Hal ini sama dengan alam semesta, dunia, dan manusia yang sudah menjadi satu
bagian dari ciptaan dan telah mempunyai suatu garisan kehidupan. Tiga hal yang
sudah mempunyai jalan dan cerita tersendiri dari sang Maha Pencipta. Merubah
dan dirubah jalan hidupnya adalah kehendak dan kuasa sang pencipta.
Apa
itu yang dinamakan takdir?
Banyak
manusia yang mengatakan bahwa dirinya tak bisa merubah takdir karena takdir
adalah garisan kehidupan yang sudah ditentukan oleh sang Maha Segalanya bagi
kehidupan kita. Apabila konsep takdir yang telah melekat pada kehidupan manusia
ini dimaknai secara harfiah oleh manusia dengan tipe seperti serangga mikropis
yang hanya tinggal diam di dasar sela-sela bulu halus kelinci putih, manusia
dengan tipe itu akan semakin nyaman diam di tempatnya, akan semakin acuh dengan
dunia dan kehidupannya. Manusia dengan tipe seperti itu akan menganggap bahwa
apa yang terjadi memang sudah selayaknya diterima dan tidak perlu menggunakan
banyak effort dalam menjalaninya. Sebanyak apapun effort yang akan dilakukan
tidak akan pernah merubah takdir, pikir mereka.
Substansi
pada kasus ini berbicara mengenai bagaimana manusia memaknai hidup, bagaimana
manusia dapat berusaha keras membuat hidup benar-benar hidup. Pada kasus
kelinci yang menjadi bagian dari suatu pertunjukkan sulap ini dapat diartikan
bahwa hidup yang dijalani oleh manusia juga penuh dengan misteri, memang bukan
menggunakan trik sulap, tetapi kehidupan ini sudah dapat menunjukkan bahwa
semua tak dapat diterima oleh akal sehat. Terlalu banyak kemungkinan yang
terjadi di tengah-tengah kehidupan. Semua berkutat pada mungkin atau tidak
mungkin. Seperti trik sulap yang penuh dengan hal-hal ajaib di luar nalar
manusia.
Manusia
dengan tipe seperti serangga mikropis pada sela-sela bulu halus kelinci yang
mencoba memanjat keluar akan selalu mengalami suatu pengalaman luar biasa dalam
hidup. Hidup yang penuh dengan kemungkinan ini membuat manusia dengan tipe ini
semakin berjaya dalam menjalaninya. Manusia dengan tipe ini akan selalu
mempunyai rasa ingin tahu terhadap apa yang ada di sekitarnya, mereka akan
selalu berusaha keras meskipun mereka juga mengenal akan adanya takdir, mereka
percaya akan adanya takdir, tetapi mereka tidak tinggal diam dengan hidupnya.
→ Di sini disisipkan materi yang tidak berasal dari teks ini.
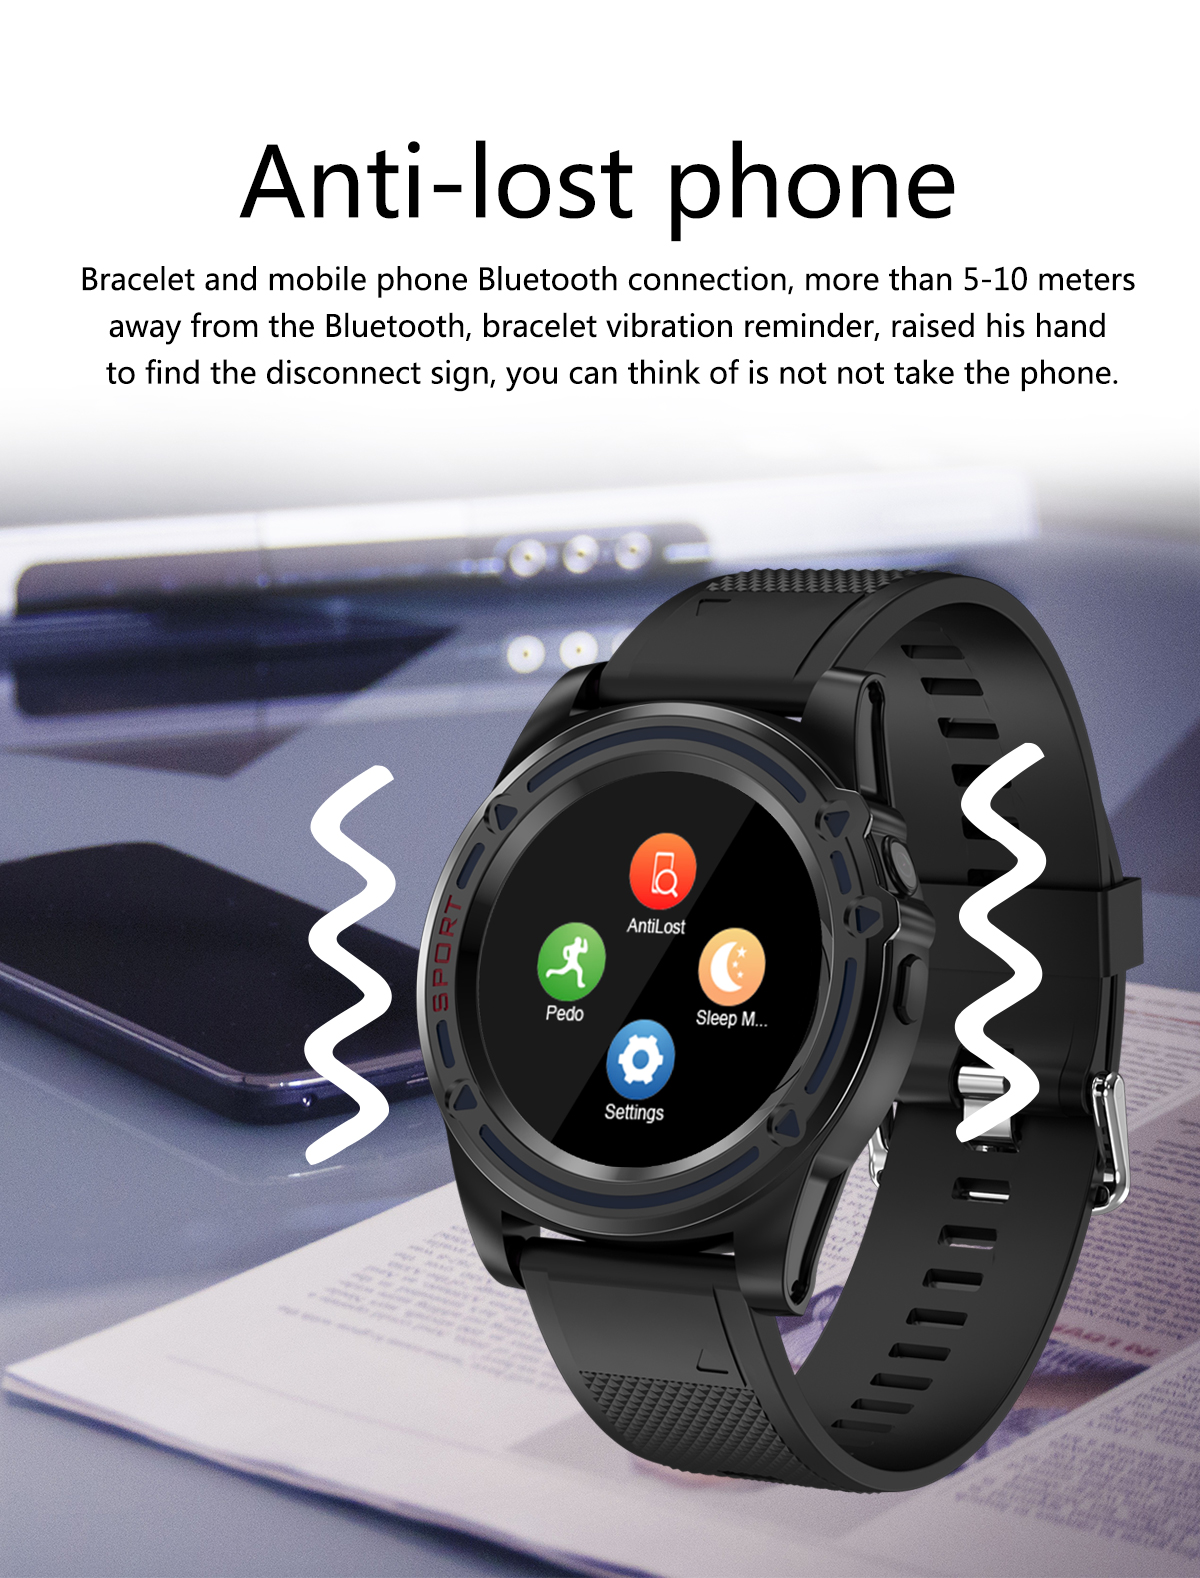 Bluetooth DT18 GSM Smart Watch Relogio Android Smartwatch Phone Call SIM TF Camera Smart Watch Hombre For Android IOS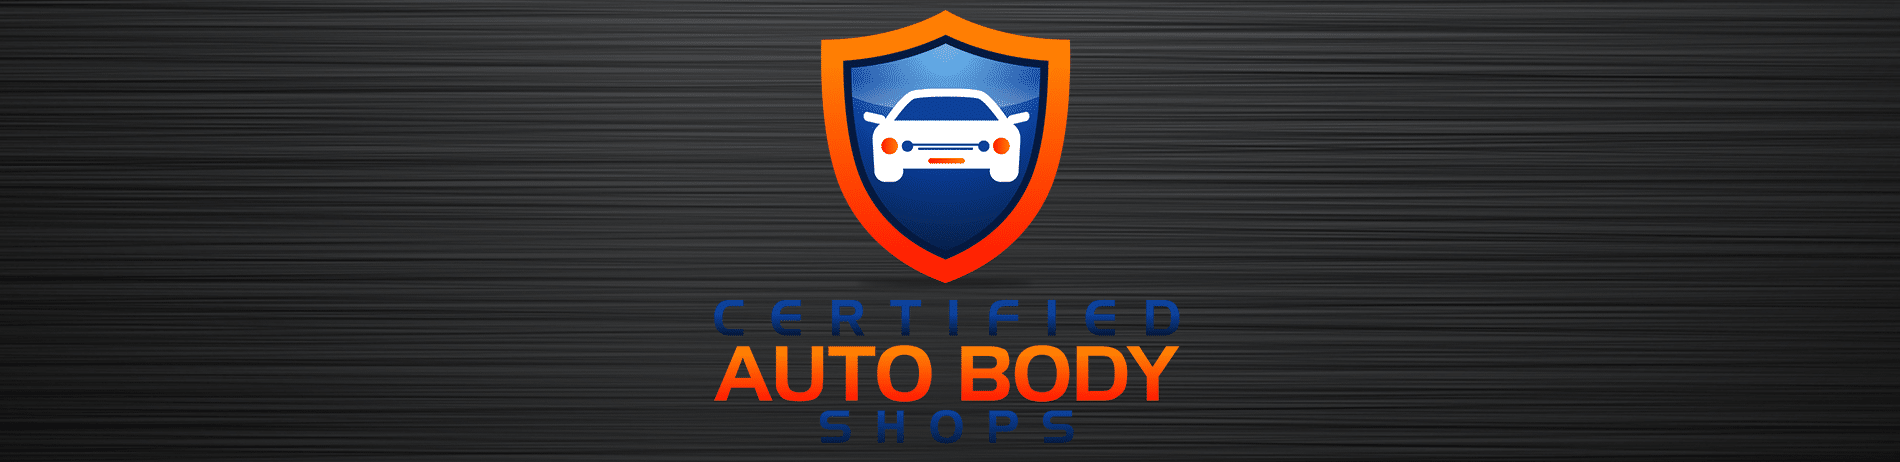 Ford Certified Auto Body Shop

Memang hidup penuh dengan ketidakpastian, tetapi sebagai seorang manusia yang
mempunyai tujuan hidup, bagaimana caranya agar tujuannya tetap tercapai
meskipun banyak ketidakmungkinan yang akan menghampirinya.
Jadi,
bila memandang kehidupan dari kasus topi pesulap dan kelinci putih beserta
serangga mikropis yang ada pada sela-sela bulu halusnya, dapat dimaknai bahwa
alam semesta, dunia, dan manusia adalah tiga hal yang menjadi satu kesatuan.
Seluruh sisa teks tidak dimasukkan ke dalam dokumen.